Number Four, The Parade, Whitby: Homely night out with ice cream to die Four

Number Four restaurant, Whitby:'Fillet of beef, wild mushroom & garlic sauce
Number Four restaurant, Whitby:'Fillet of beef, wild mushroom & garlic sauce

Our last visit to this establishment was under its previous guise where the food was always reliable but the decor was so clinical, it was like eating in a hospital canteen.

A bit of tasteful wallpaper and a few offbeat exhibits (including a biplane propellor) later, and Number Four has a touch more comfort than its predecessor.

Number Four restaurant, Whitby:'Thai fishcake with sweet chilli dressing

Number Four restaurant, Whitby:'Thai fishcake with sweet chilli dressing

It would have been cruel to compare it to the Michelin-starred Star Inn at Harome, where we recently dined for a special occasion, choosing their excellent-value market menu.

For around the same price (£26 for three courses; or £22 for two), you can buy a decent meal at Number Four, and a visit beforehand to the online Bible of food reviews, Trip Advisor, suggested we’d be in for a good evening.

I’m pleased to say we weren’t disappointed.

I opened with the evening’s “off the cuff” soup, on this occasion tomato and lentil, which was a warm tasty starter on a chilly evening, while my wife Emma chose the Thai fishcakes, with sweet chilli dressing, which was nicely presented and added the right kick.

Number Four restaurant, Whitby: 'spiced winter pavlova

Number Four restaurant, Whitby: 'spiced winter pavlova

I was a little disappointed with the shortage of choice for the main course, but the pan-roast fillet of Easington pork with apple and cider puy lentils (plus veg) was as good an option as any.

Emma loved her medium fillet steak, cooked perfectly to her liking, with wild mushroom and garlic sauce, although typically of steak, there was a £5 surcharge.

She said it was a “really nice cut of meat” and was impressed too with the accompanying vegetables, sauteed potatoes and crunchy broccoli.

Other choices included a herb crusted rack of lamb, 
oven baked salmon with fennel and cherry tomatoes, mixed fish platter, or the vegetarian option of beetroot and goat’s cheese parcels with parsnip pancakes.

We were both fairly full after the first two courses and, 
not usually being the three-course types, would normally have been happy to leave it there.

But the lure of the breakfast marmalade ice cream – which goes with the tart tatin or with the trio of ice creams – proved too tempting, so I went for the gelati hat-trick, which also featured cinnamon and ginger flavours, all of which were very nice and not too overpowering.

Emma summarised her spiced winter pavlova by saying: “We debated whether to have a dessert – but I’m glad we did” although it was a close call between the pavlova and the white chocolate and lemon curd tart.
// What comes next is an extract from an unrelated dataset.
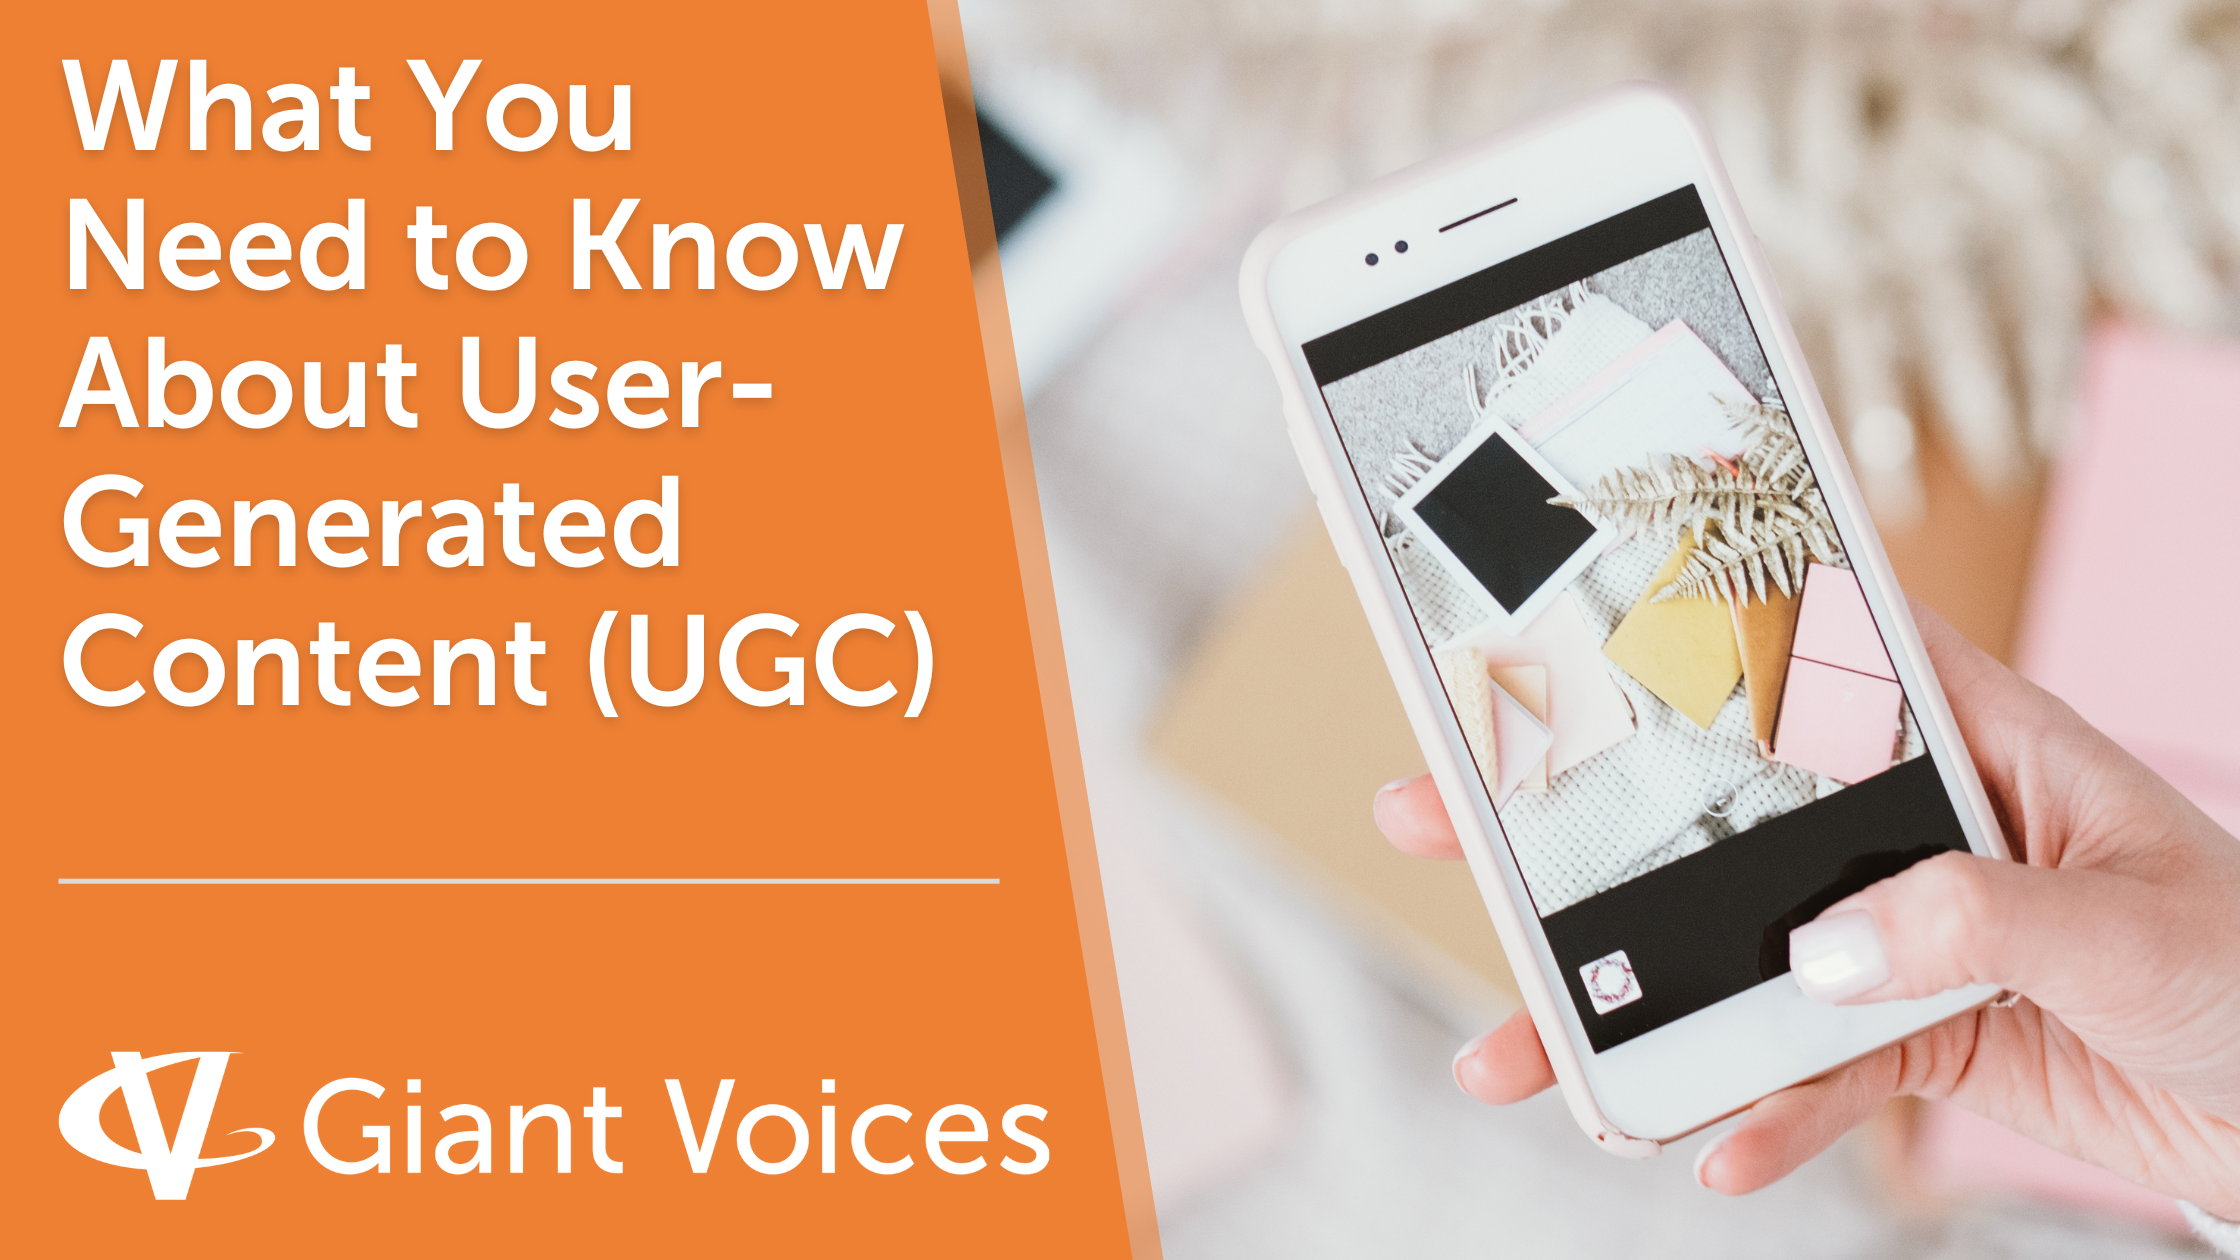 What You Need to Know About User-Generated Content (UGC)

Although the restaurant was quiet, with only two other couples in while we were there, we were well looked after by our hostess for the evening, who was attentive, friendly and chatty without being too in-your-face.

It would be nice to return on a livelier evening to see how Number Four contrasts with a drizzly Thursday night in 
November but the reviews we read on the ‘net were consistently good.

Our own opinion is that it is worth booking if you want somewhere for a homely meal just out of town, especially at this time of year, away from the hustle and bustle of Whitby town centre, which can significantly delay a meal out in a busier part of town.

Ratings out of ten: Food 7; menu choice 8; service 8; decor 7; ambience 6; overall 7.